Disclosure of Invention

In view of the foregoing problems, embodiments of the present invention provide a subscription database scaling method, apparatus, and computing device based on a TimesTen bank, which overcome the foregoing problems or at least partially solve the foregoing problems.

According to an aspect of an embodiment of the present invention, a method for managing NodeManager states in a cluster is provided, the method including:

collecting network load information of a cluster, and evaluating the hardware state of the cluster according to the network load information;

determining the health state of the nodes in the cluster according to the evaluation result;

and when the state of the node is unhealthy, performing offline operation on the node manager.

In an optional manner, the collecting network load information of a cluster, and evaluating a hardware state of the cluster according to the network load information, further includes:

collecting network load information of a cluster;

and evaluating the network delay of the cluster according to the network load information, and evaluating the disk state of the cluster.

In an optional manner, when the host resource is not exclusive to YARN, the method further comprises:

evaluating the CPU utilization rate and the memory utilization rate;

the determining the health status of the nodes in the cluster according to the result of the evaluation further comprises:

and determining the health state of the nodes in the cluster according to the evaluation results of the network delay, the disk state, the CPU utilization rate and the memory utilization rate.

In an optional manner, when the host resource is YARN exclusive, the method further comprises:

and when the network delay exceeds a preset value, evaluating the network delay of the cluster by combining the historical network delay and the health state record of the corresponding node.

In an optional manner, the method further comprises:

reconfiguring CPU resources and memory resources;

when the state health of the nodes in the cluster is determined according to the evaluation of the hardware state of the cluster, modifying the parameters of the NodeManager configuration file into the reconfigured values;

and carrying out online operation on the NodeManager.

In an optional manner, the evaluating the network delay of the cluster according to the network load information further includes:

acquiring request queuing time and processing time of an RPC queue through a JMX interface monitored by JMX in Hadoop;

summing the request queuing times of all the nodes, then averaging to obtain a reference queue time, and taking the processing time of the first host as a reference processing time;

judging whether the network delay of the first host is greater than the reference queue time or not, or whether the network delay of the second host is greater than the reference processing time or not;

and when the network delay of the first host is larger than the reference queue time or the network delay of the second host is larger than the reference processing time, determining that the state of the node is unhealthy.

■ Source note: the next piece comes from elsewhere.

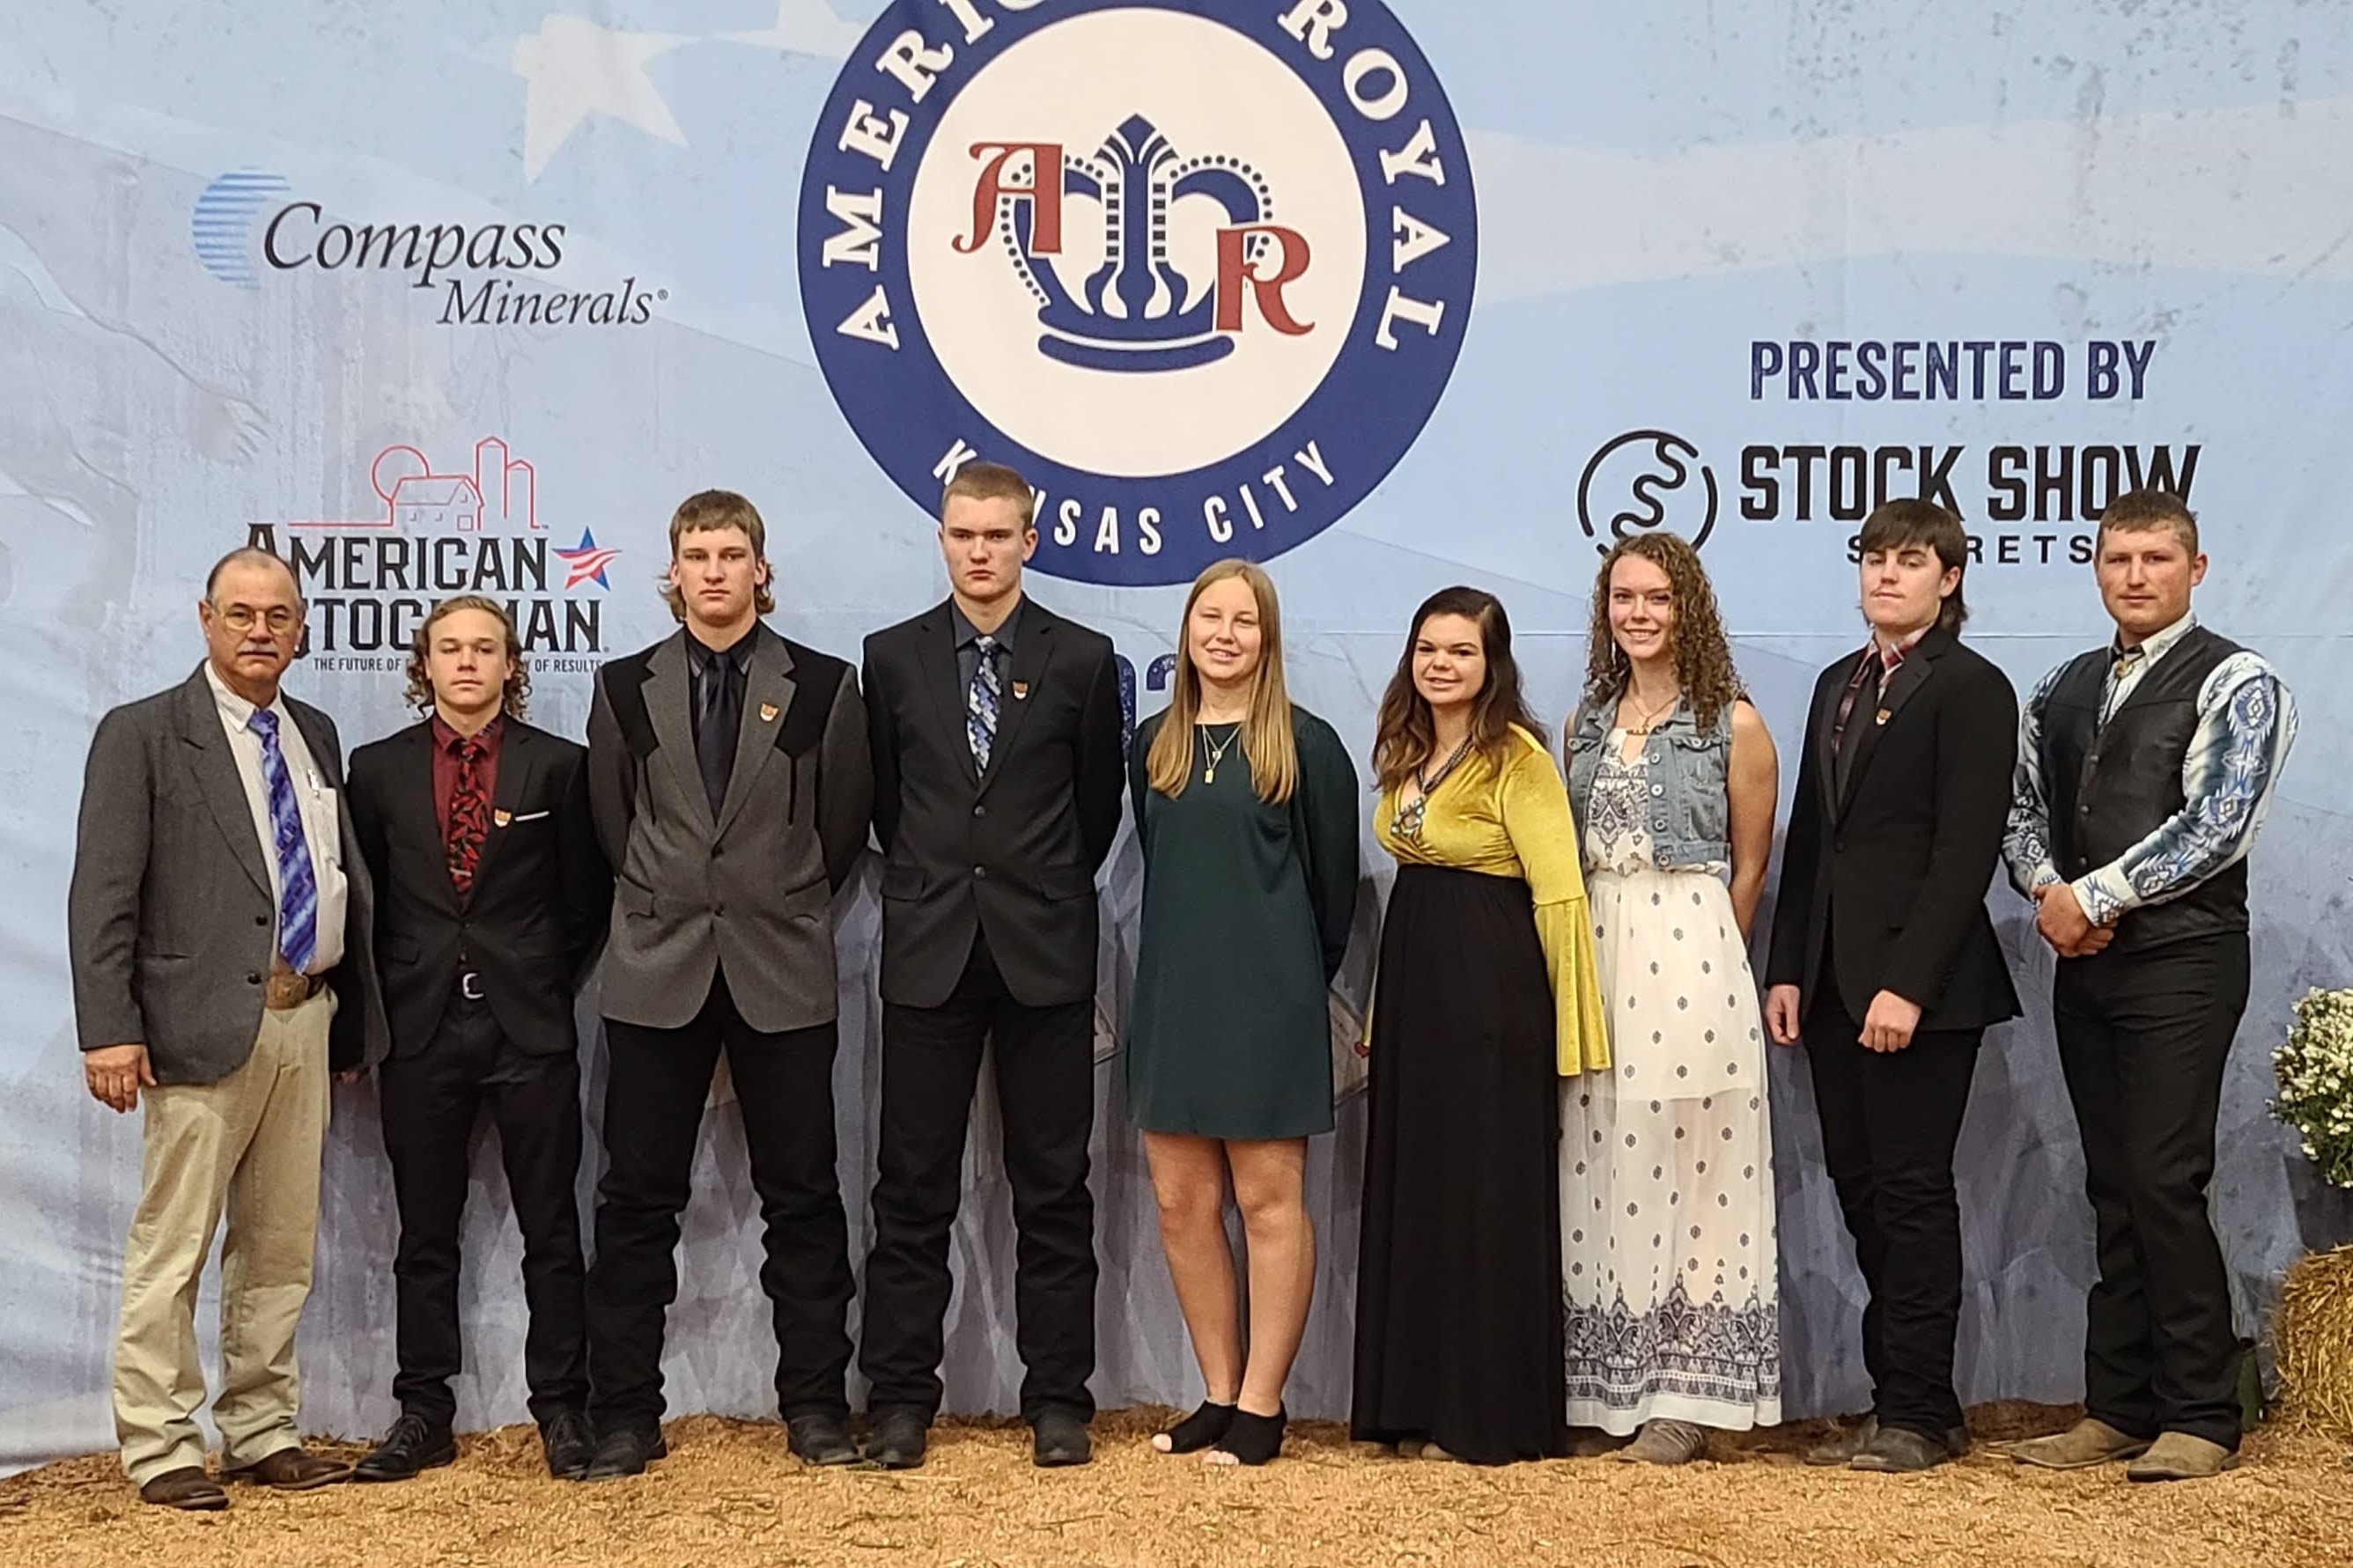 The Stark-Billings 4-H meats judging team placed sixth in the National 4-H Meats Judging Contest. Pictured left to right are Coach Kurt Froelich, NDSU Extension agent, Stark-Billings County; Justin Kathrein; Will Schmidt; Wyatt Dorner; Katie Schmidt; Taylor Downing; Quintavia Polensky; Jess Schulz and Wyatt Schulte, 4-H volunteer coach. (NDSU photo)

In an optional manner, the evaluating the disk state of the cluster further includes:

checking the running state of the disk through a script;

judging whether the magnetic disk reports errors or not;

and when a certain disk in the disks of the cluster reports an error, determining that the state of the node is unhealthy.

In an optional manner, the evaluating the CPU usage further includes:

calculating the total core number N of the current CPU through a script, and determining the utilization rate p of the CPU used by the current non-YARN and the core number M of the CPU distributed by the NodeManager;

subtracting the product of N and (1-p) from M to obtain the evaluated value of the CPU utilization rate;

and when the evaluated value of the CPU utilization rate exceeds a preset CPU utilization rate threshold value, determining that the state of the node is unhealthy.

In an optional manner, the evaluating the memory usage further includes:

acquiring the total memory, the total memory allocated in the NodeManager and the use amount of the system process through the script;

judging whether the difference value between the total memory amount and the system process usage amount is larger than the total memory amount distributed in the NodeManager;

and when the difference value between the total memory amount and the system process usage amount is not greater than the total memory amount distributed in the NodeManager, determining that the state of the node is unhealthy.

According to another aspect of the embodiments of the present invention, there is provided a node manager state management apparatus in a cluster, the apparatus including:

the evaluation module is used for collecting network load information of a cluster and evaluating the hardware state of the cluster according to the network load information;

the determining module is used for determining the health state of the nodes in the cluster according to the evaluation result;

and the management module is used for performing offline operation on the NodeManager when the state of the node is unhealthy.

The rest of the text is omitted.